Exercise requirements
Excluding pictures, transcribe precisely the lines from the one containing "Stethoscope standing on" to the final line of the listing below, inclusive, and nothing more.

Data segment
----
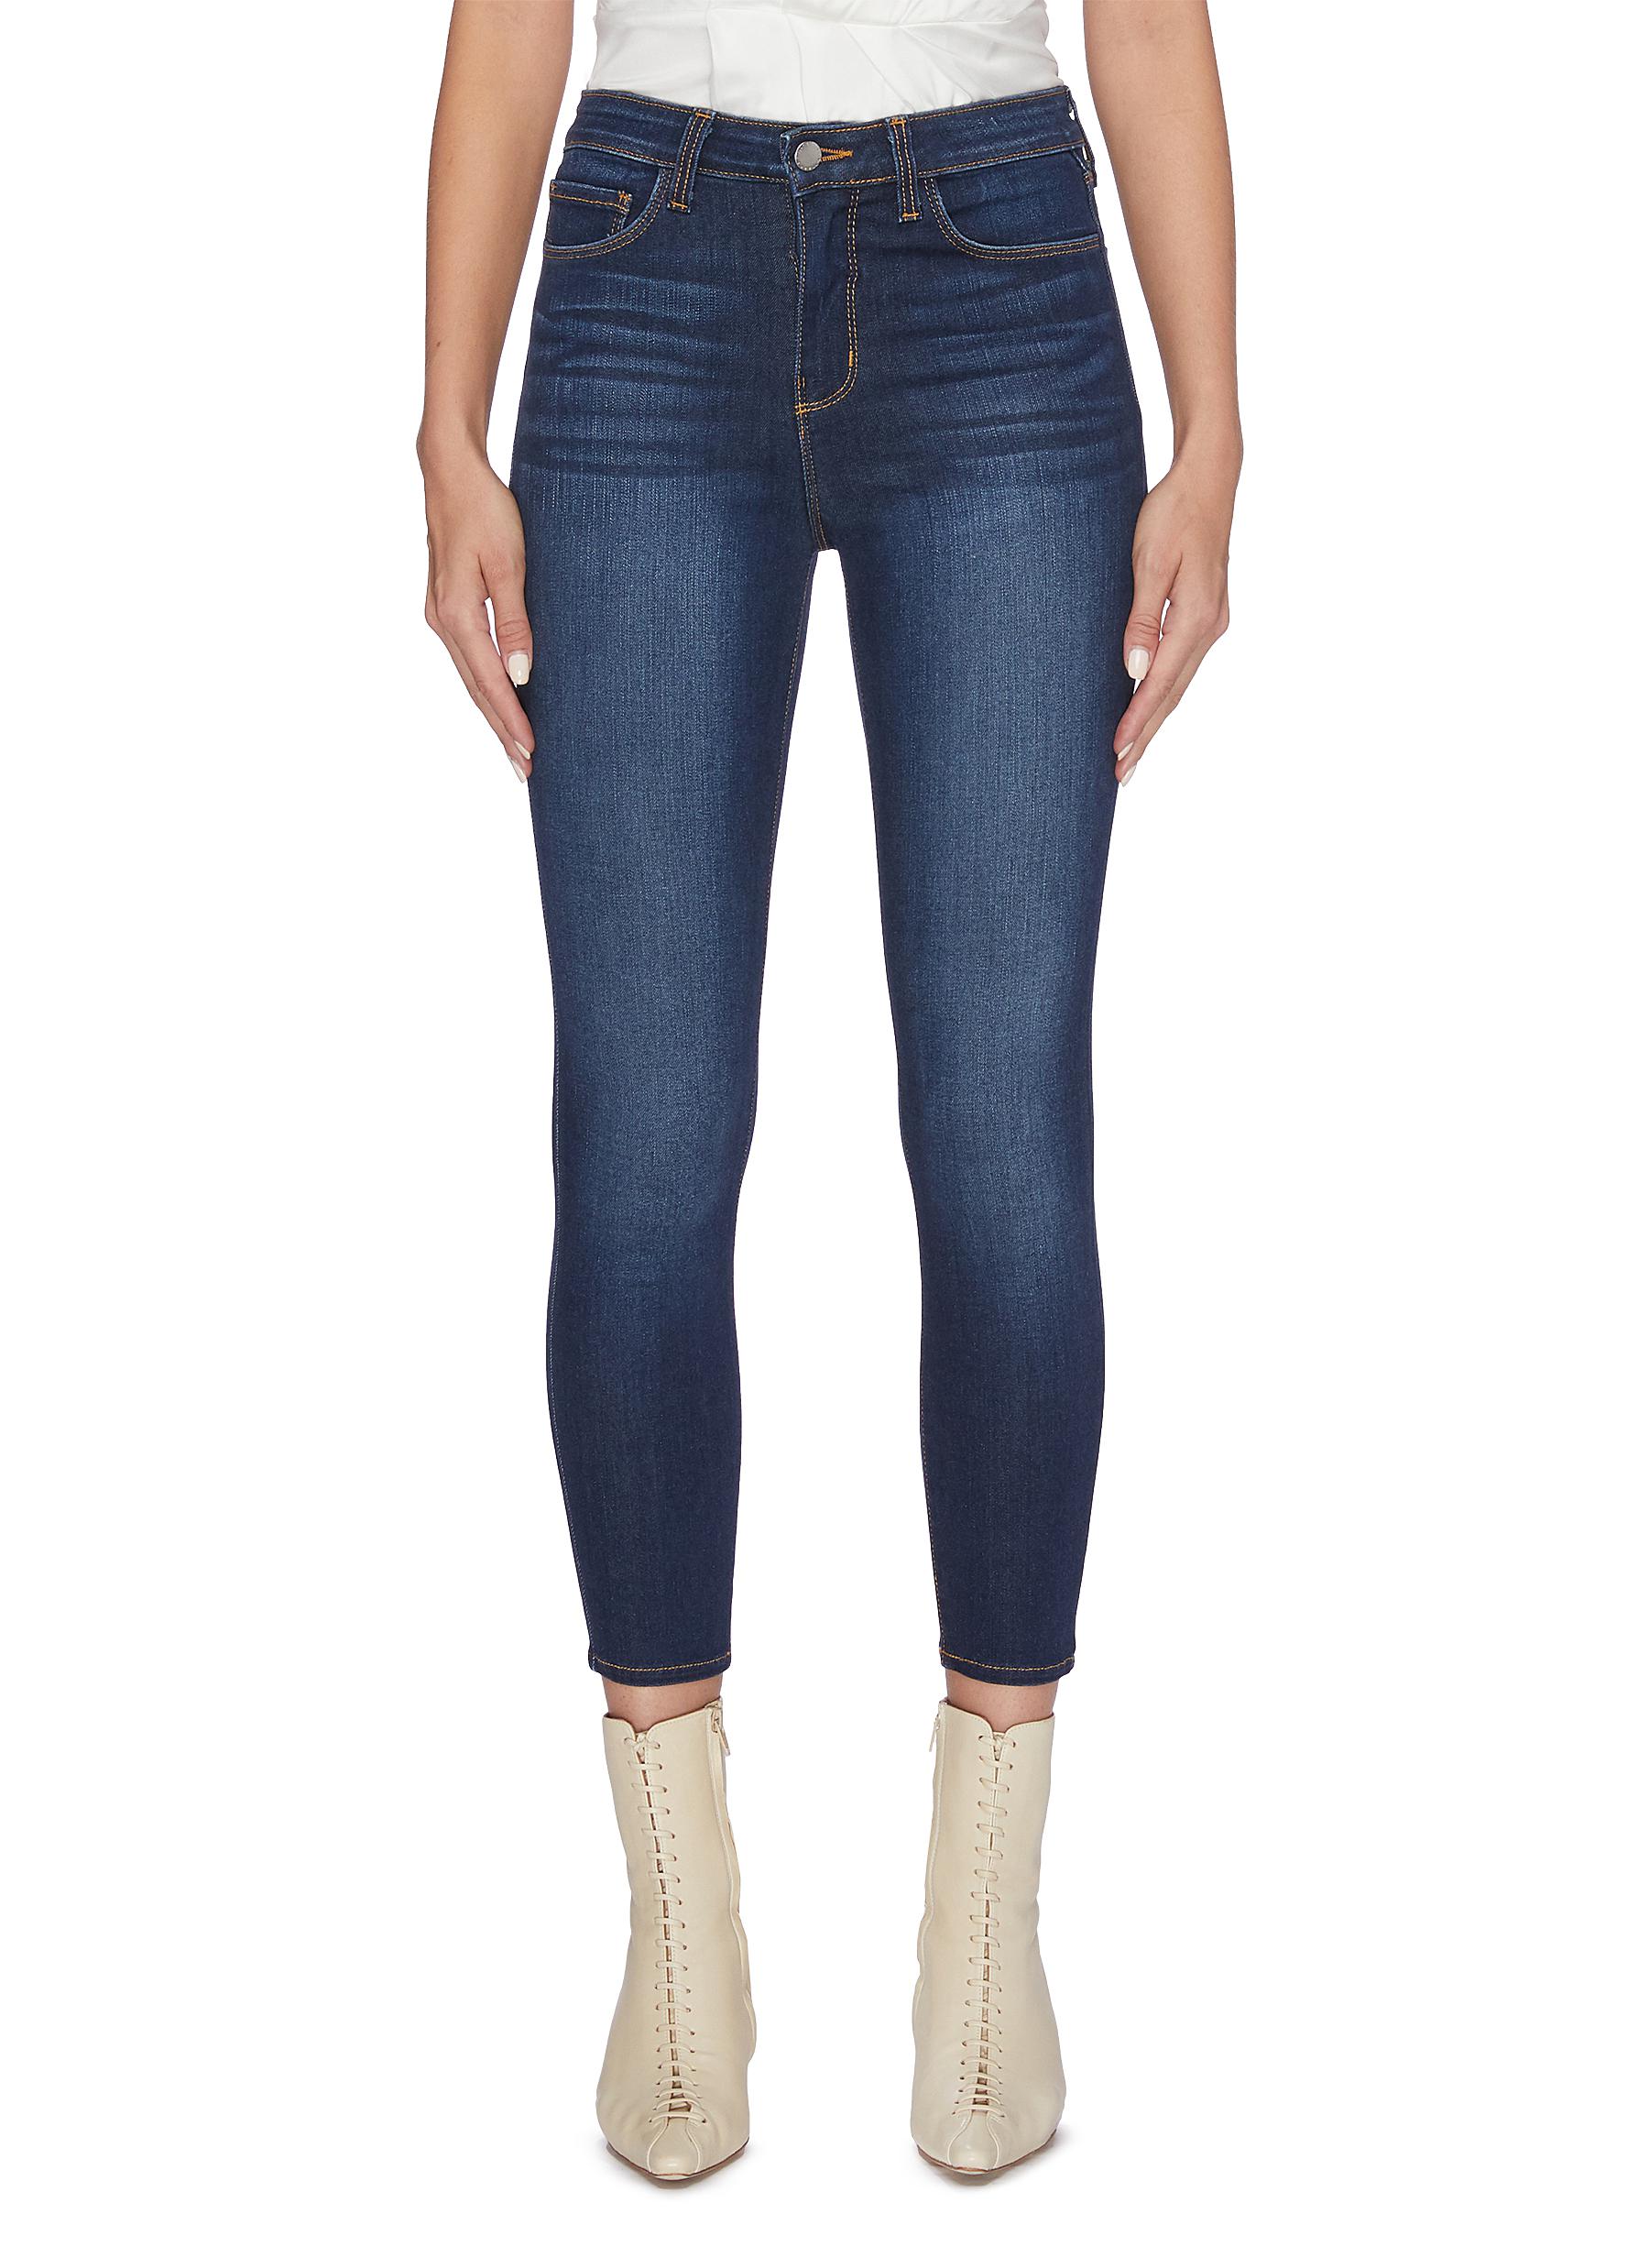 L'AGENCE 'Margot' cropped skinny jeans
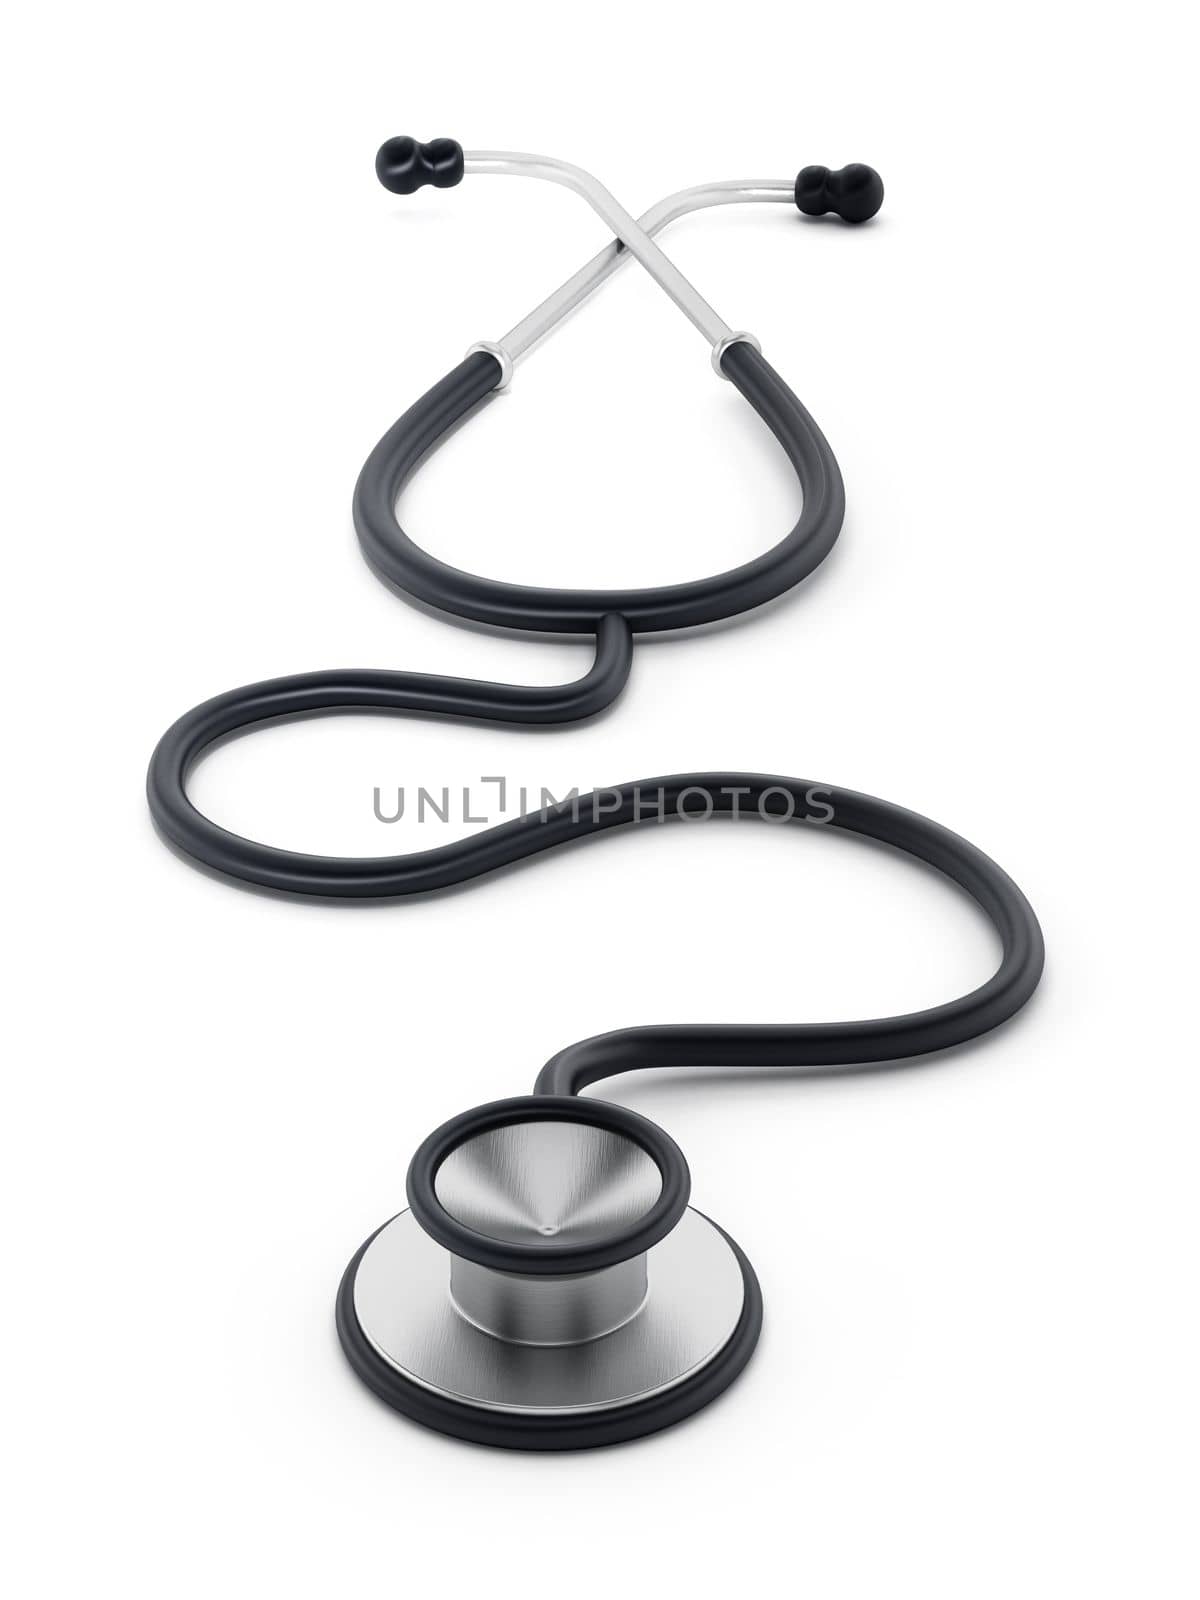 Stethoscope standing on white surface. 3D illustration by Simsek
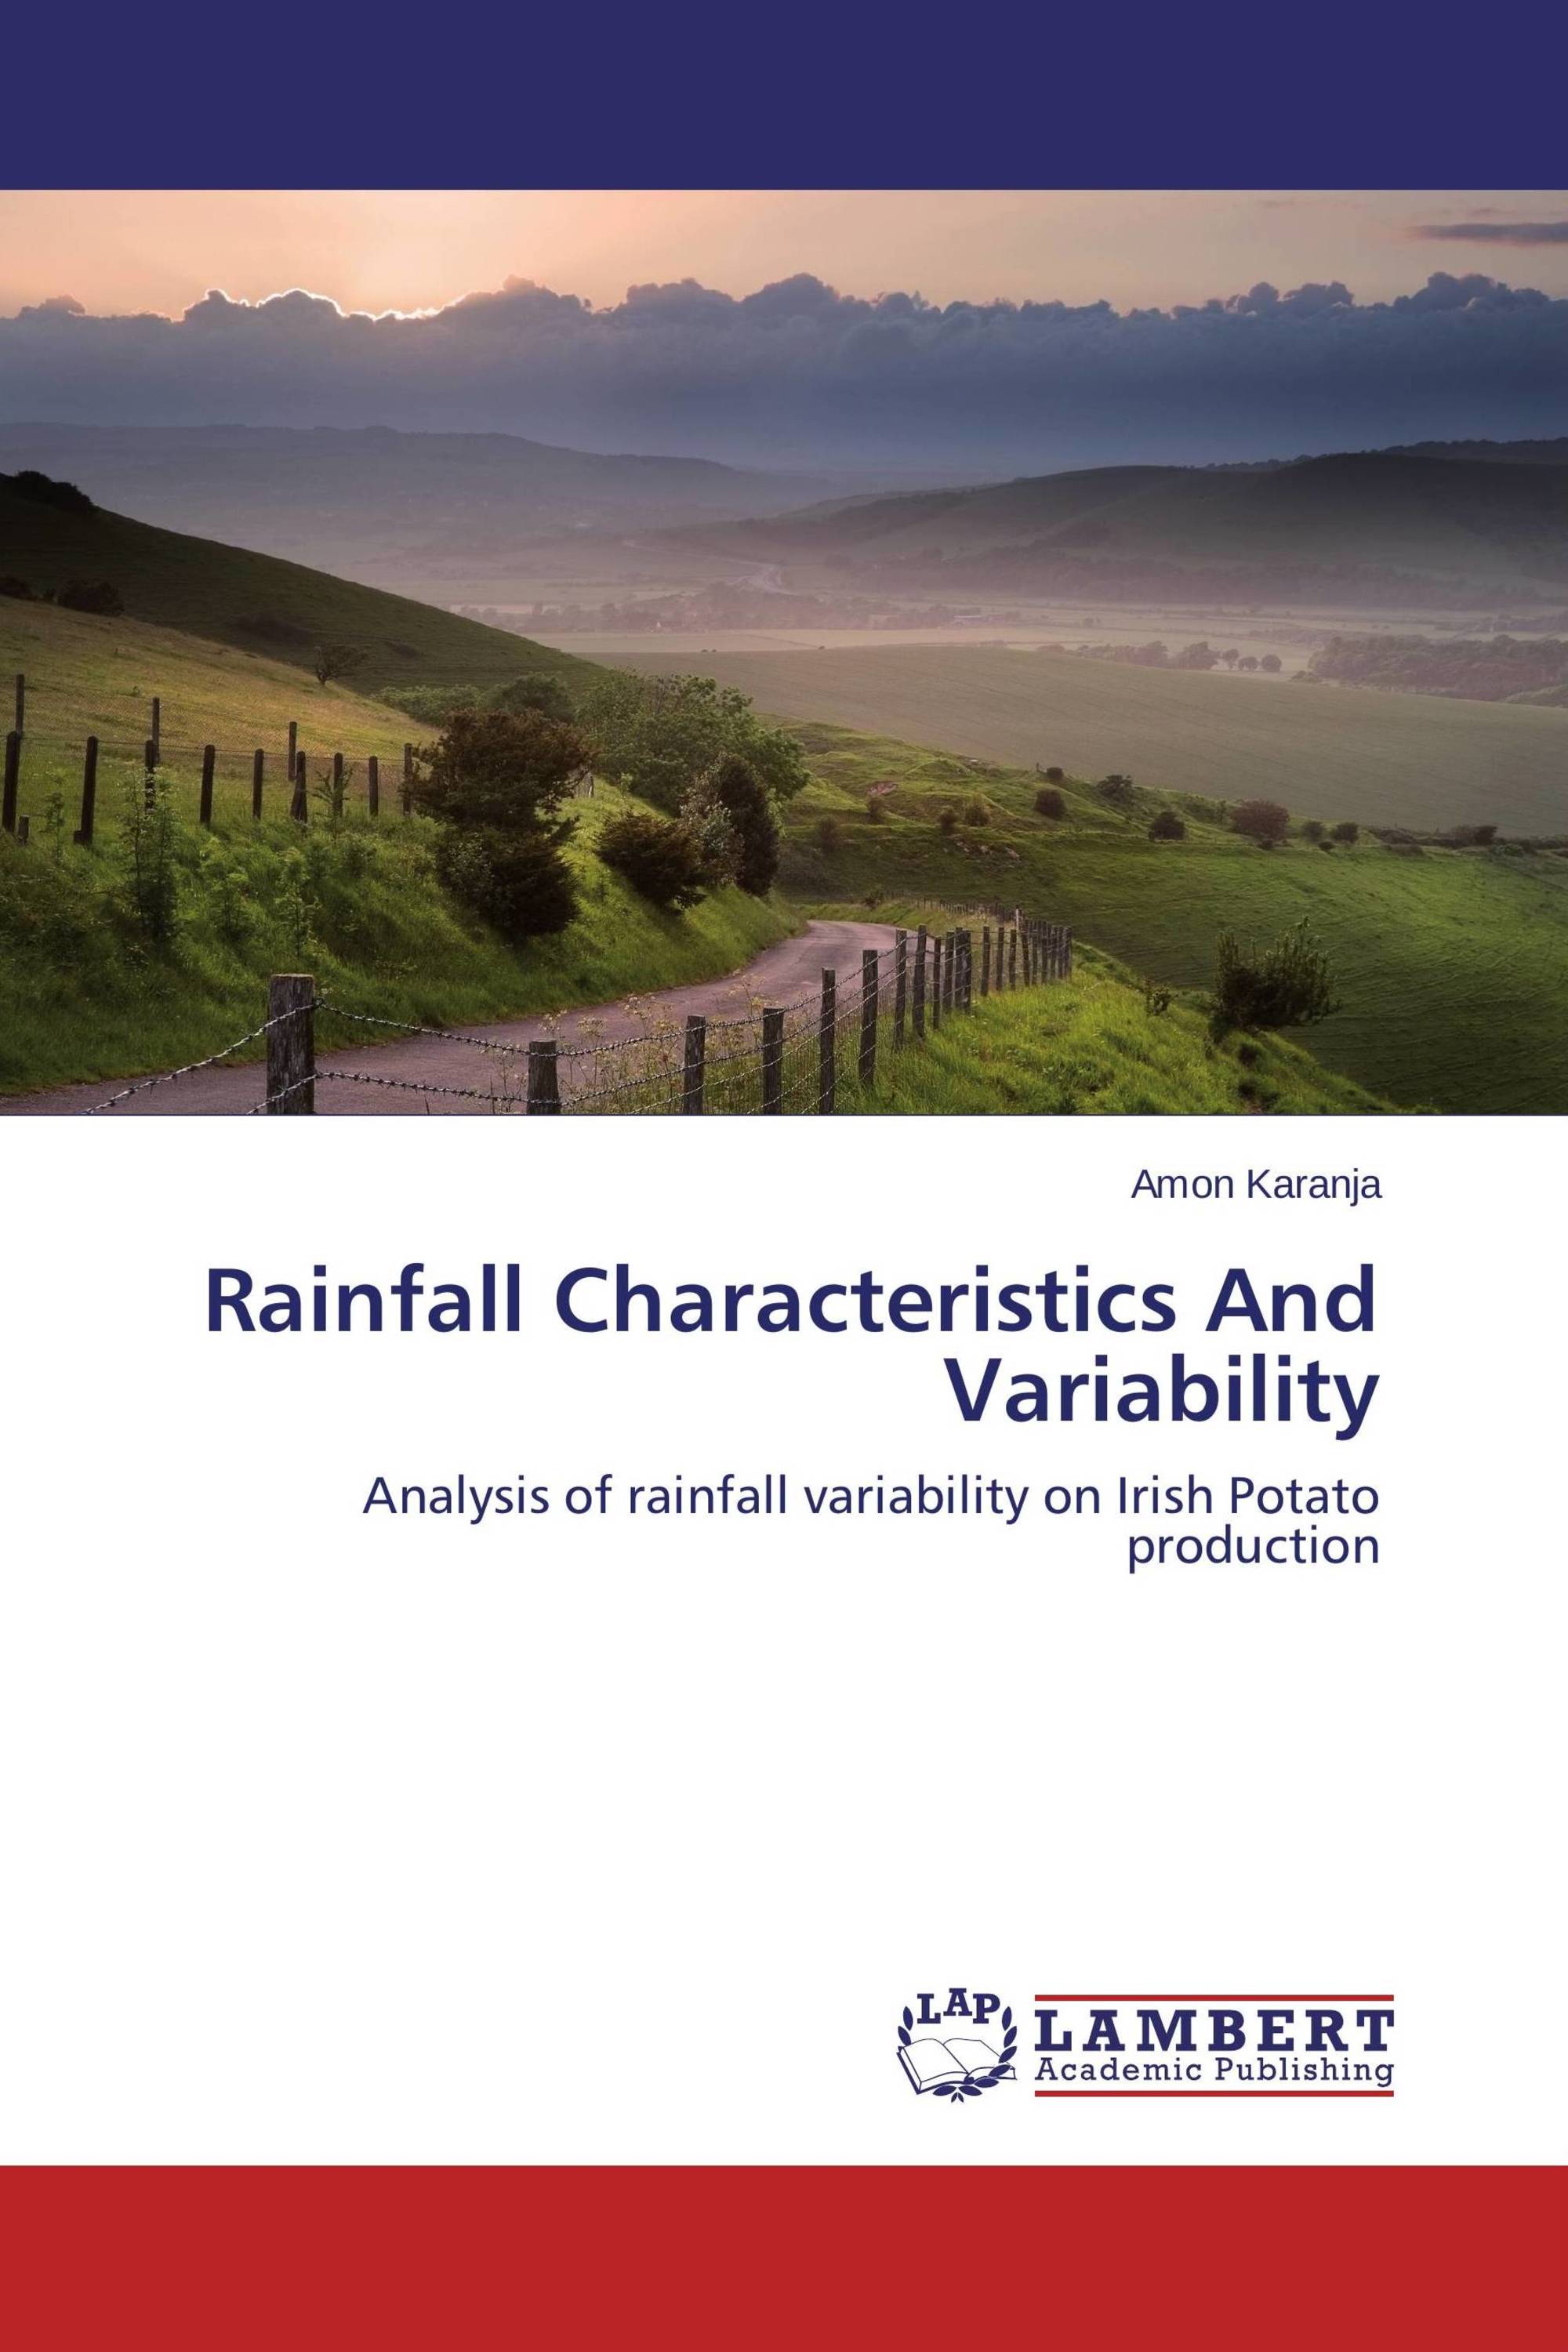 literature review on rainfall variability
----
Solution
 Stethoscope standing on white surface. 3D illustration by Simsek
 literature review on rainfall variability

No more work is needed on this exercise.